I cried my eyes out for a few days as well, but I haven't cried in a couple of days now!! I call that success haha. I still get moments of sadness though, but I try to quickly think of all of the good things. I am excited to give my little boy the gift of a little brother and buddy!


----------



## nicem815

I hope you are feeling better! I have a daughter, and we found out we were having another girl. I had the same types of reactions from people that you mentioned! I have found that if I almost immediately tell them that my husband and I are happy and excited, it makes them stop in their tracks and they don't say anything negative. 

Blessings on your pregnancy and on giving your little guy a buddy to play with and grow up with!


----------



## kat132

i know exactly that feeling as i had it with my 2nd and now my 3rd. I am 34 weeks with my 3rd now and have got to the point where i let the comments go over my head and i am excited about my 3rd boy. 

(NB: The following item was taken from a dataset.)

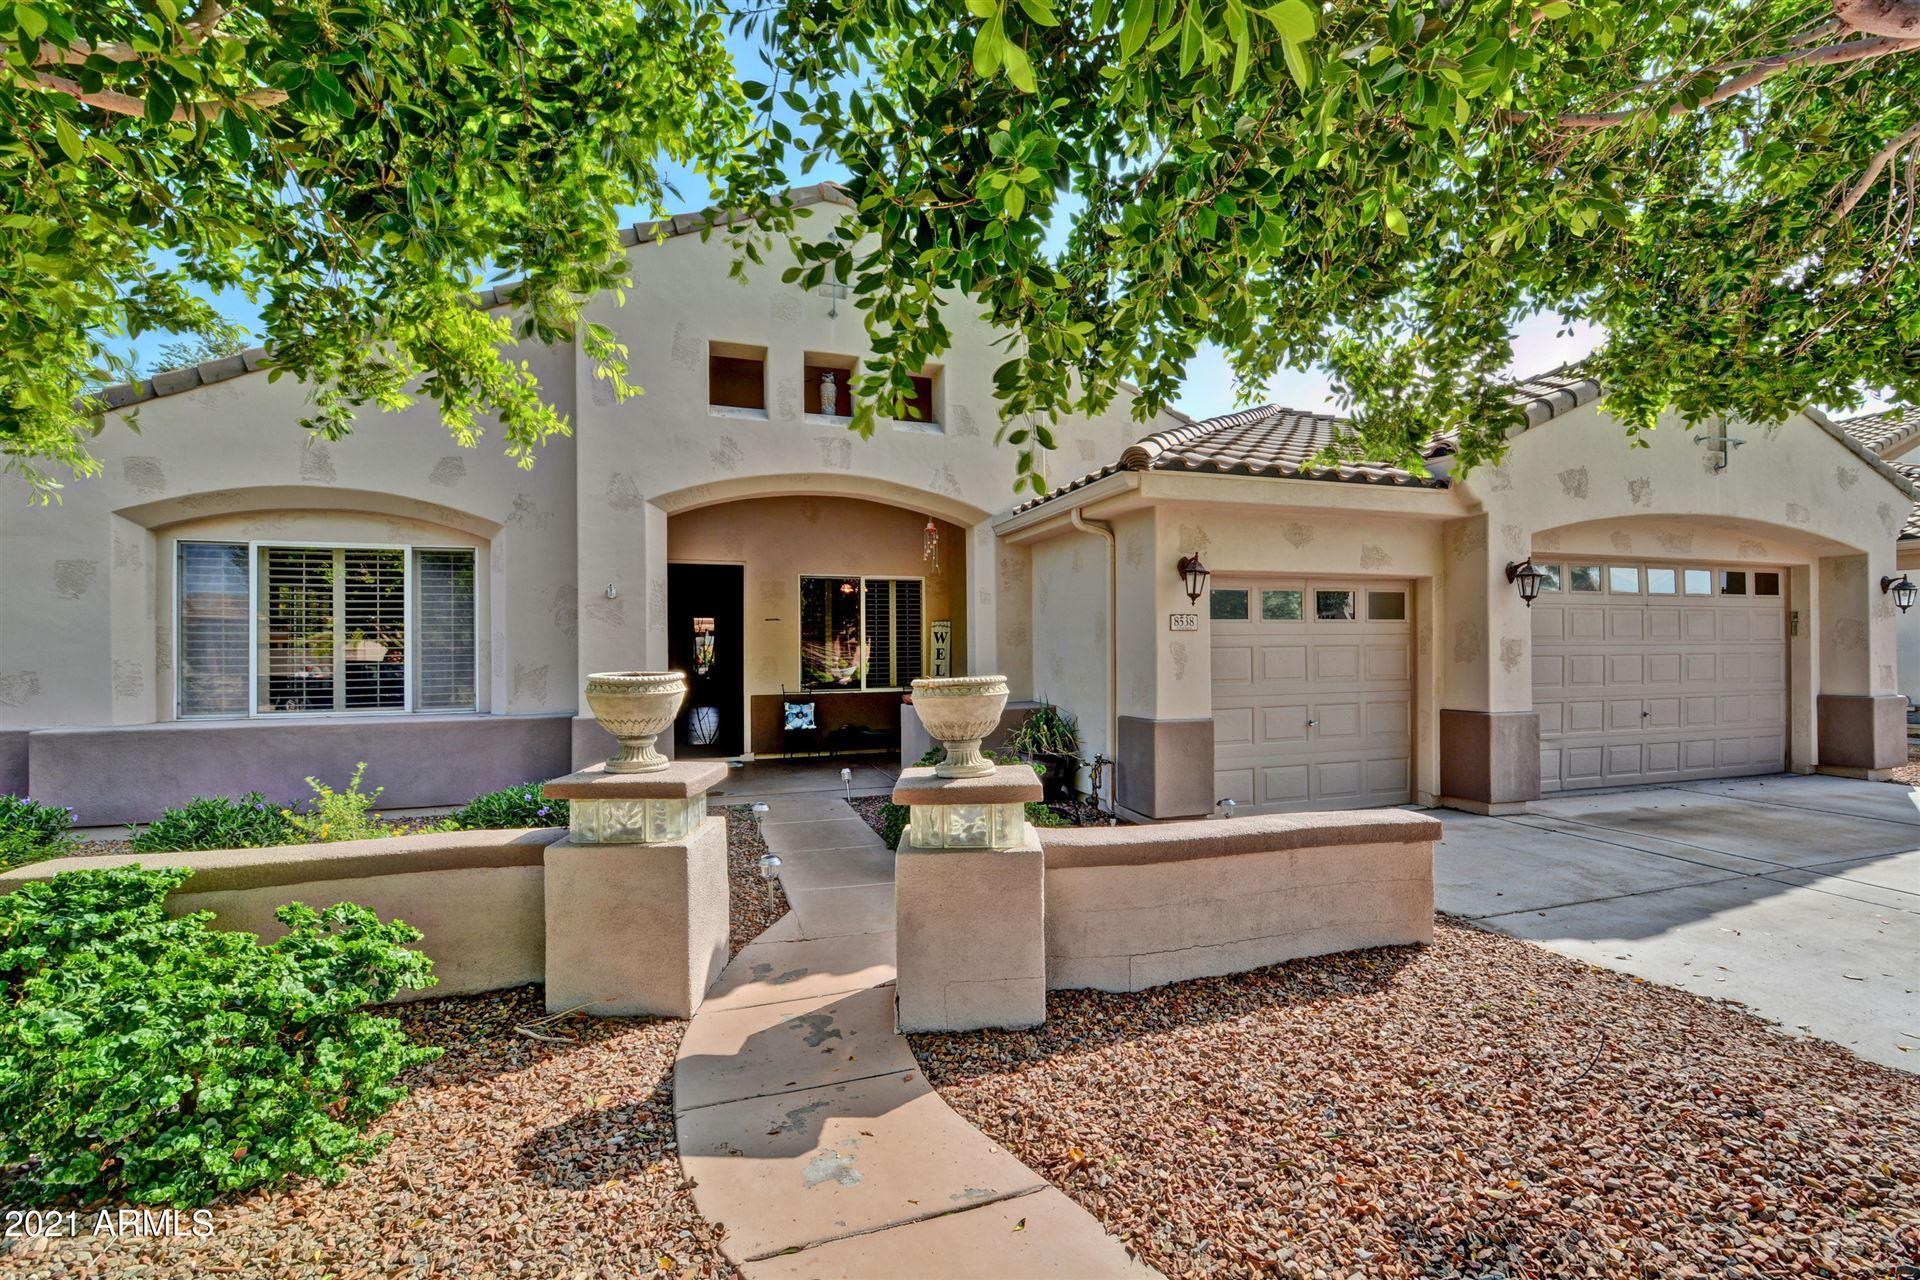 8538 W IRMA Lane, Peoria, AZ 85382 - MLS#: 6266984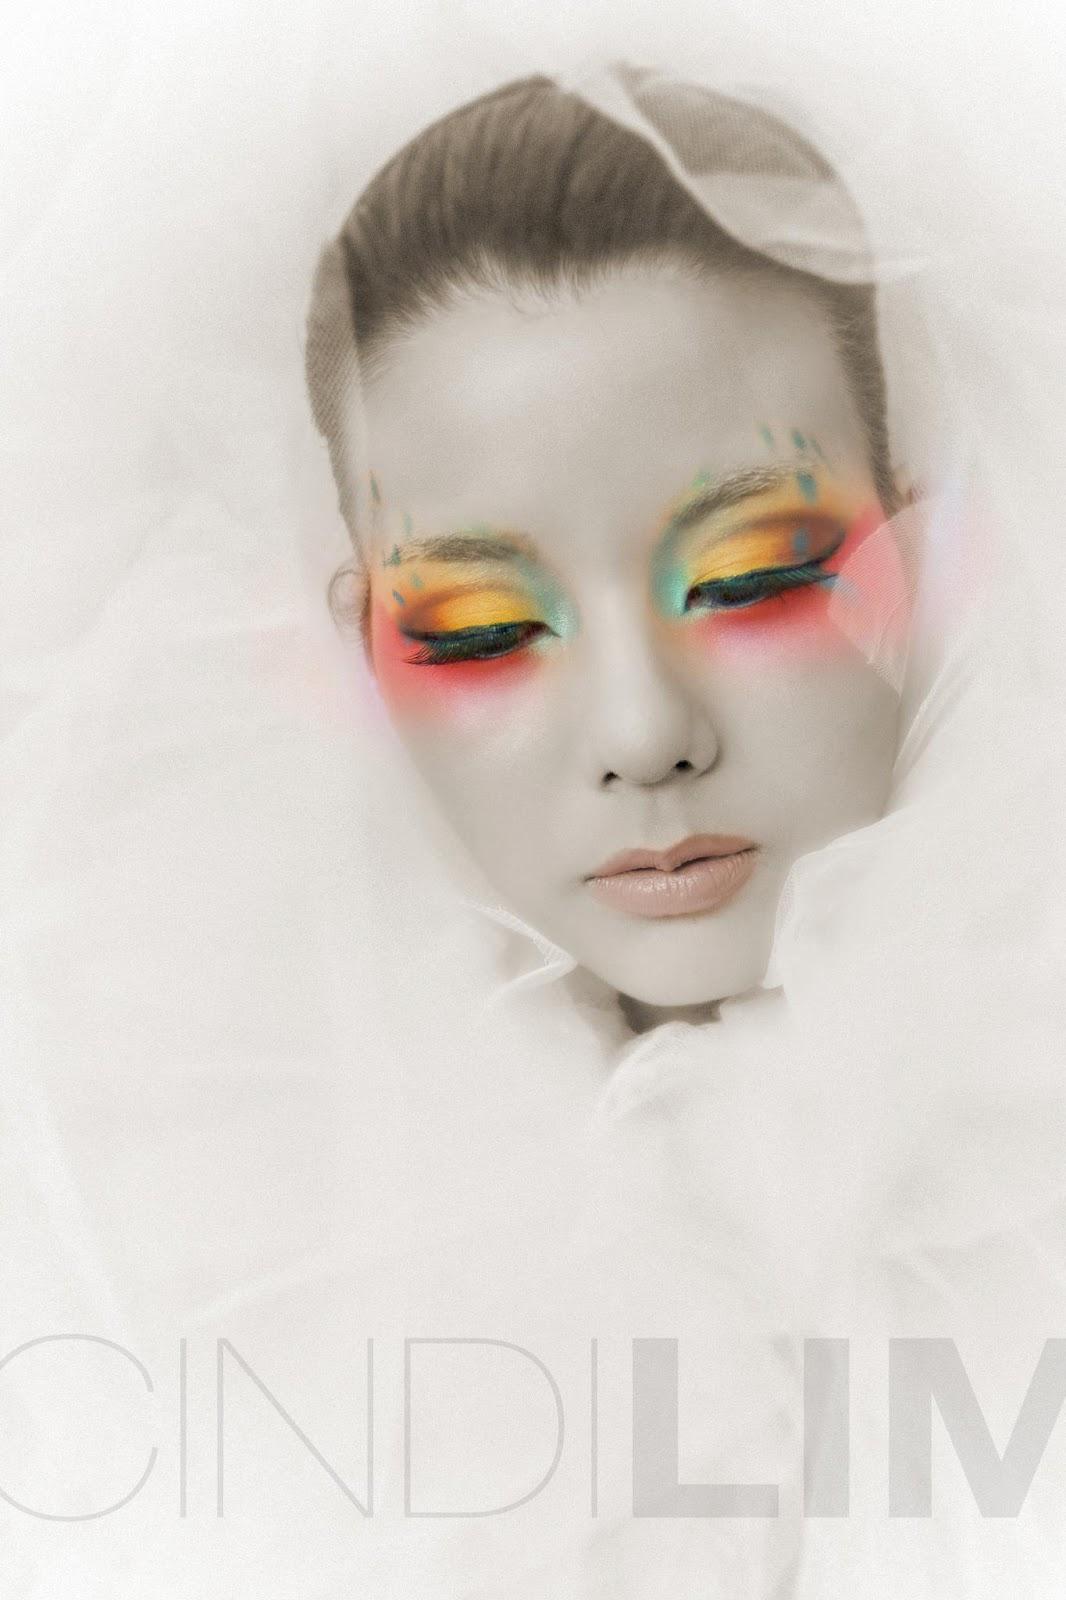 Cindi Pro Makeup Artist Commercial Photoshoot Makeup: :: Cindi Pro. Makeup Artist ::: 2012

You will get stupid comments about not having a girl but to be honest i know a lot of people who have 1 of each who wished they had had the same gender. They do become great friends. My 2 never leave each others sides and always have someone to play with. Yes they fight but all siblings do. I sometimes wish that one of the boys leaned more towards daddy but its all about me :winkwink: no one can be horrible to mummy or they both gang up on that person! 

I promise all will be fine. Keep your boys close and they will not leave you like everyone says they will. My brother is just as close to my parents as i am and he loves to be with them as much as he can xxx


----------